🤖 AI Summary
This work addresses the challenge of building generalist agents for 3D video games by proposing the first end-to-end trained foundation model that operates directly on raw pixel inputs, enabling cross-game, low-latency, human-behavior-guided control. Methodologically, it employs a decoder-only Transformer architecture jointly optimized for behavior cloning and inverse dynamics modeling, leveraging both labeled gameplay data and large-scale unlabeled game videos to autoregressively generate action sequences.

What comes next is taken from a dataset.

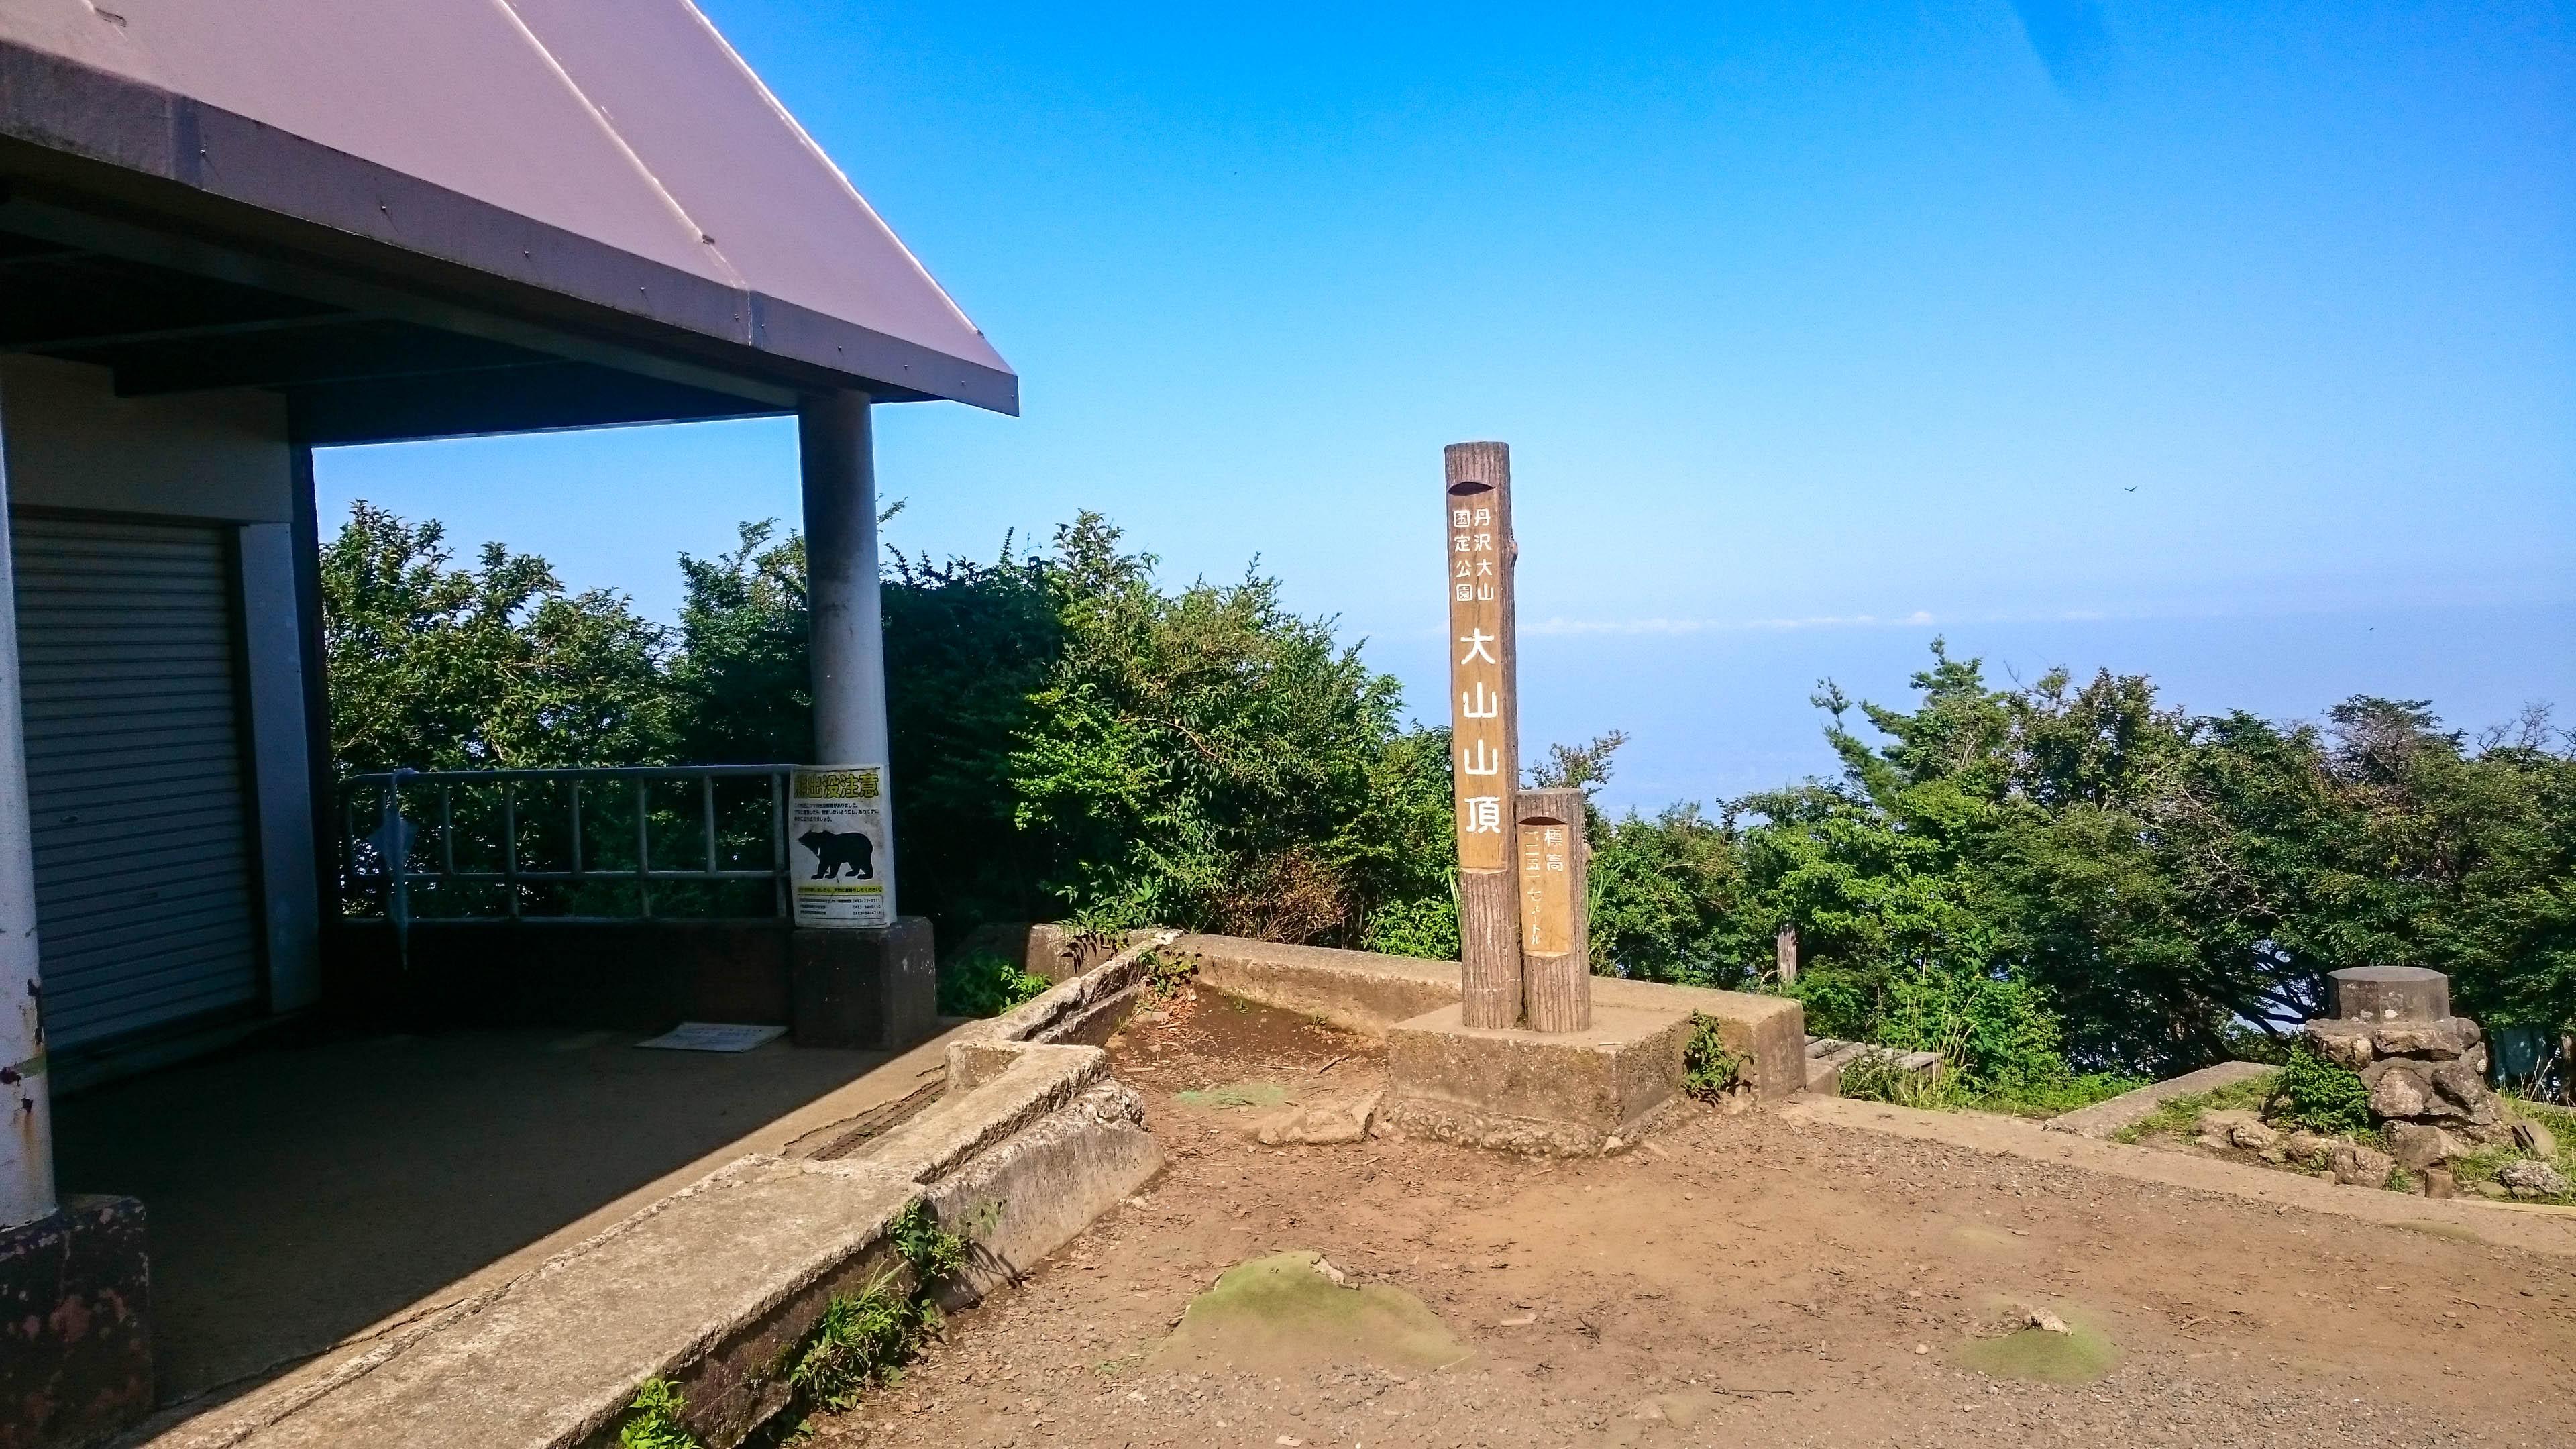 登山初心者が丹沢大山を登ったみた結果、、、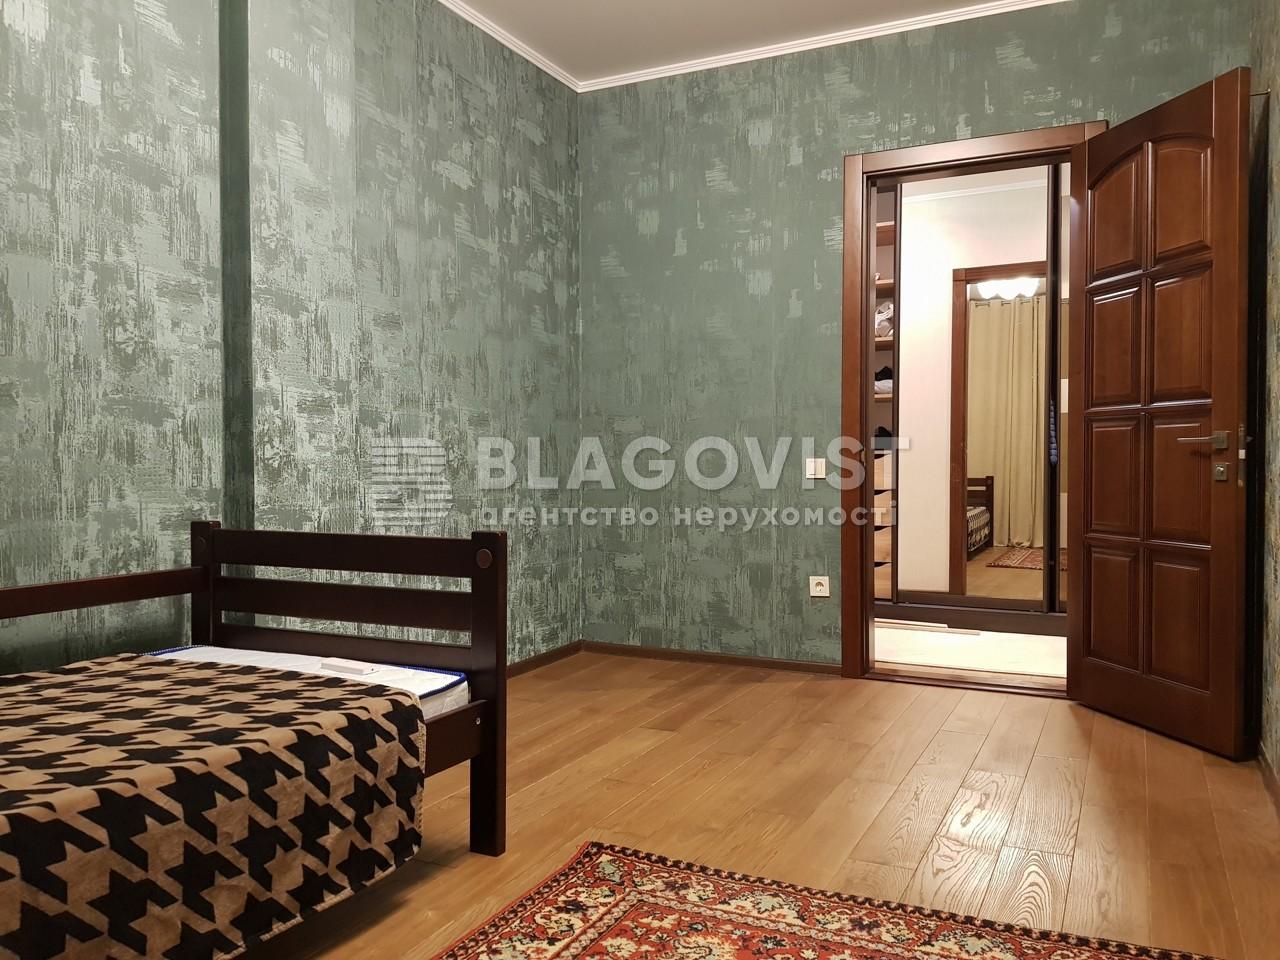 Квартира A-112206, Каховская (Никольская Слободка), 62, Киев - Фото 12

Key contributions include: (1) achieving playable cross-platform performance (e.g., Roblox and MS-DOS) without environment interaction or reinforcement learning—relying solely on visual observations; (2) empirically validating the utility of unlabeled game videos for action inference; and (3) establishing a foundation for text-conditioned expert-level control. Experiments demonstrate applicability to emerging use cases such as AI teammates and controllable non-player characters (NPCs).
📝 Abstract
We introduce Pixels2Play-0.1 (P2P0.1), a foundation model that learns to play a wide range of 3D video games with recognizable human-like behavior. Motivated by emerging consumer and developer use cases - AI teammates, controllable NPCs, personalized live-streamers, assistive testers - we argue that an agent must rely on the same pixel stream available to players and generalize to new titles with minimal game-specific engineering. P2P0.1 is trained end-to-end with behavior cloning: labeled demonstrations collected from instrumented human game-play are complemented by unlabeled public videos, to which we impute actions via an inverse-dynamics model. A decoder-only transformer with auto-regressive action output handles the large action space while remaining latency-friendly on a single consumer GPU. We report qualitative results showing competent play across simple Roblox and classic MS-DOS titles, ablations on unlabeled data, and outline the scaling and evaluation steps required to reach expert-level, text-conditioned control.